Çocuklarına isim vermek bir toplumun en en ciğerden, en damardan kültürel davranışıdır. Çocuklarının kimliğini belirliyorsun. Çocuklarının şu dünyada kim olduklarına karar veriyorsun. Onları damgalıyorsun doğduğu günden itibaren. Benim çocuğum Mehmet olsun diyorsun. Yani Heng Hua değil, Jean Pierre değil, Mehmet olsun diyorsun. Ve onları Arapça bir isimle damgalıyorsun.
Tabii ki dindir bunun sebebi. Fakat din dediğiniz şey, İslam, sonuç olarak Arapların milli dinidir. Türk kültürü denilen şeyin ne derece derinlemesine, ta dibine kadar Araplıkla damgalanmış olduğunu anlamak istemiyorlar, kabul etmek istemiyorlar.
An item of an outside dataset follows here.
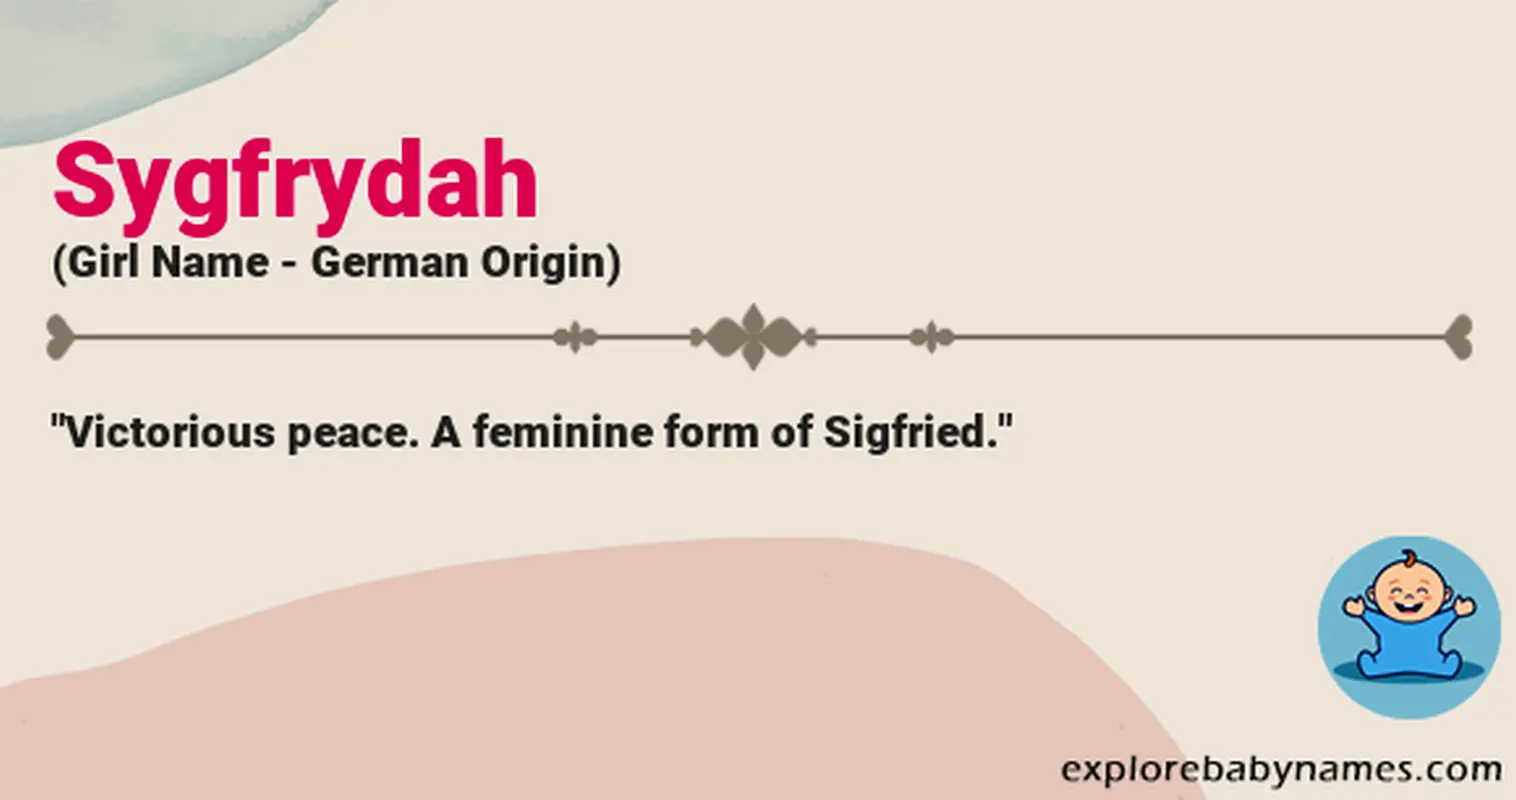 Meaning of Sygfrydah

Bu gördüğünüz tuhaf ruh hali, Tanzimat sonrası Türk elitinin ideolojisidir. Biz, diyorlar, biz var ya biz, Avrupalılar bizi küçümsüyor ama biz Araplardan değiliz, biz çok Batılıyız, hatta kadınlarımız da sarışındır, gerçek veya sahte. İşte bu anlayışı aşmadan Türkiye’den ve Türklerden ne köy olur, ne kasaba olur. İşin en temeldeki gerçek düzlemini kavramak istemediğiniz zaman yalanla bir ulusal kültür oluşturmaya çalışırsınız, kimse de yemez.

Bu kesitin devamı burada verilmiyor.